Suppose the data consist entirely of 0's and 1's. For example, suppose they are answers to a yes/no question, such as, "Are you currently a smoker?" Lists of zeros and ones have properties that simplify computation.
As an example, let us start with a list consisting of just one 0 and four 1's. Its average and SD can be computed as usual. Notice something interesting: the average of the list 0.8, is the proportion of 1's in it. And the SD of the list can be computed by a simple formula involving that proportion.
zero_one = [0, 1, 1, 1, 1]
# A proportion is a mean
np.mean(zero_one) # p = 4/5 = proportion of 1's
0.80000000000000004
np.std(zero_one)
0.40000000000000008
np.sqrt(0.8*0.2)
0.40000000000000002
Facts about lists of 0's and 1's
To estimate the proportion of smokers among mothers in the population, we will start by finding the corresponding proportion in the sample.
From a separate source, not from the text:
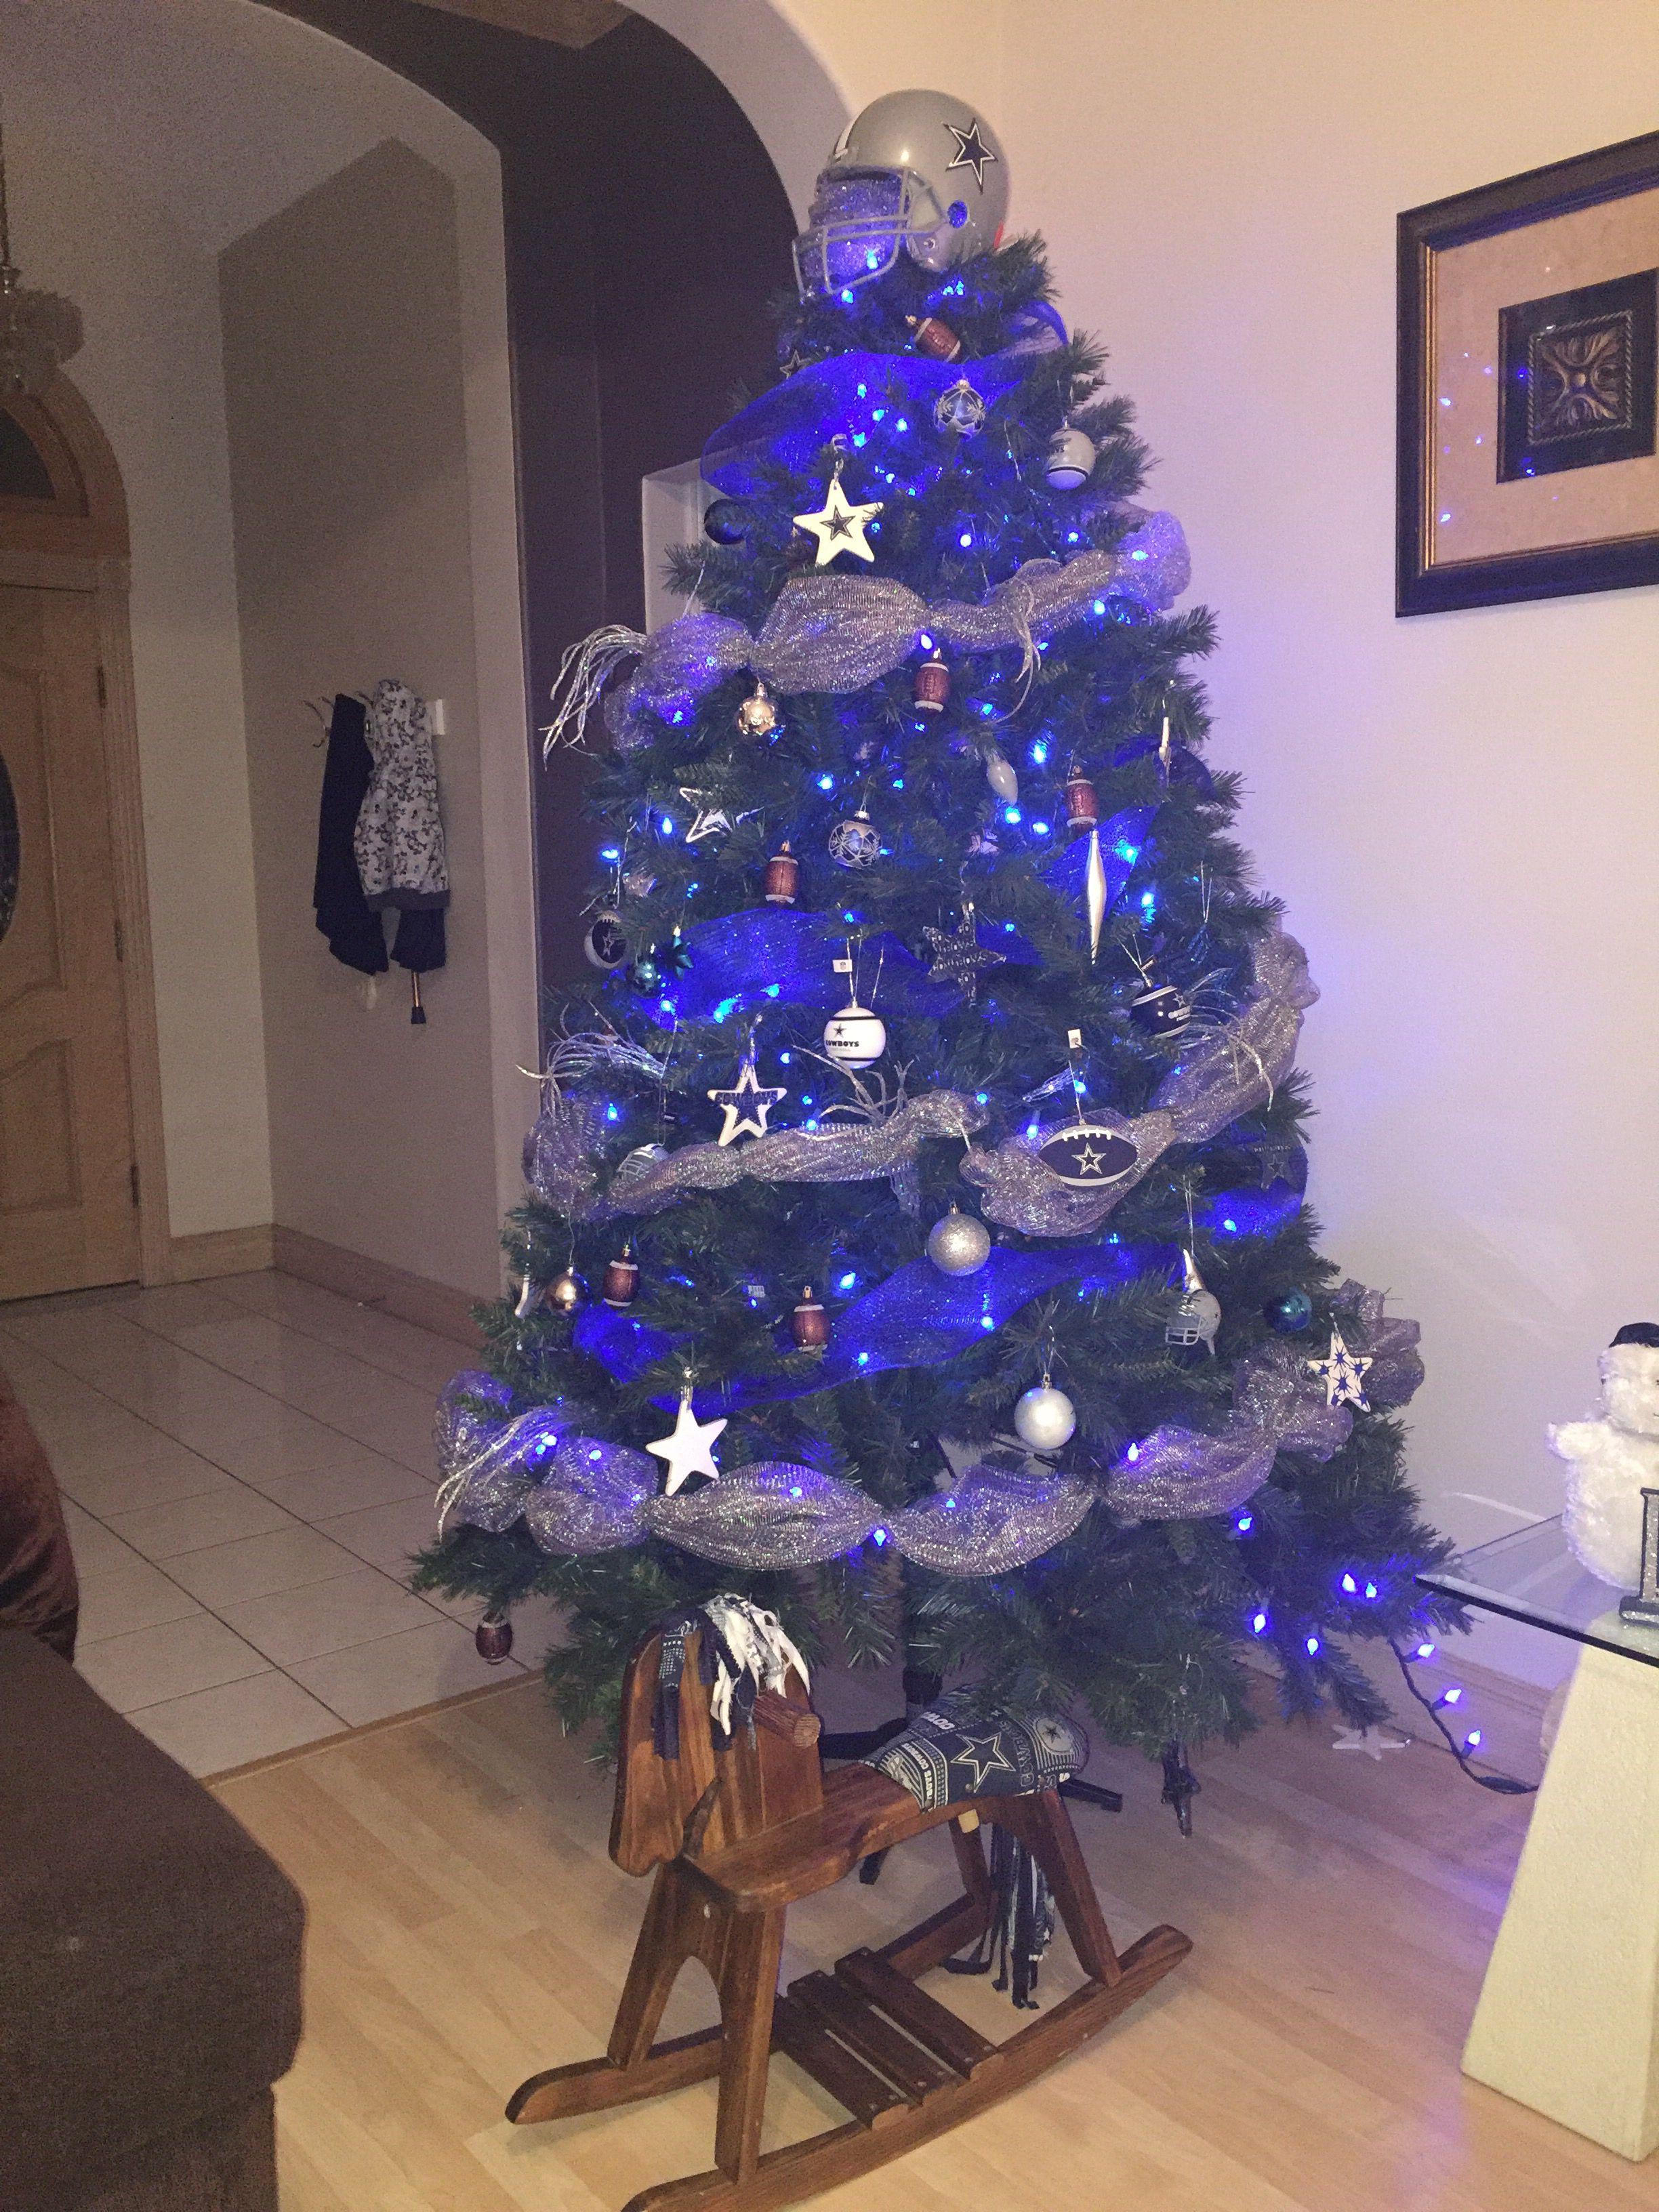 dallas cowboys themed christmas tree christmas door decorations christmas tree themes cowboy christmas

In the table, the code for "smoker" is 1 and the code for "non-smoker" is 0.
baby.select('m_smoker').hist(bins=np.arange(-0.5, 1.6, 1), normed=True)
plots.xlabel('smokers (0/1) in sample')
<matplotlib.text.Text at 0x10a463cf8>
In the sample, about 39% of the mothers are smokers. This forms the center of our confidence interval.
# "One figure" estimate: the proportion of smokers in our sample
p_est = np.count_nonzero(baby['m_smoker'])/baby.num_rows
p_est
0.3909710391822828
The "give or take" number is the SE of the sample proportion, which is the SE for the sample mean because a proportion is just a mean of 0's and 1's. We know how to approximate the SE of a sample mean: divide the SD of the sample by the square root of the sample size. The sample consists of 0's and 1's, so its SD is given by the formula that we just observed. This allows us to compute the SE of the sample proportion, approximately.
# Give or take: SE of sample proportion
# That is, SE of sample mean where sample has only 0's and 1's
# SE of sample proportion approx equal to SampleSD/sqrt(SampleSize)
SE_samp_prop = np.sqrt(p_est*(1-p_est))/np.sqrt(baby.num_rows) # approx
SE_samp_prop
0.014241548667026049
left = p_est - 2*SE_samp_prop
left
0.36248794184823074
right = p_est + 2*SE_samp_prop
right
0.4194541365163349
An approximate 95%-confidence interval for proportion of smokers among women in the population
0.39 $\pm$ 2$\times$0.14 = 0.3625 to 0.4194
That is, an approximate 95%-confidence interval for the percent of smokers among the mothers in the population is 36.25% to 41.95%.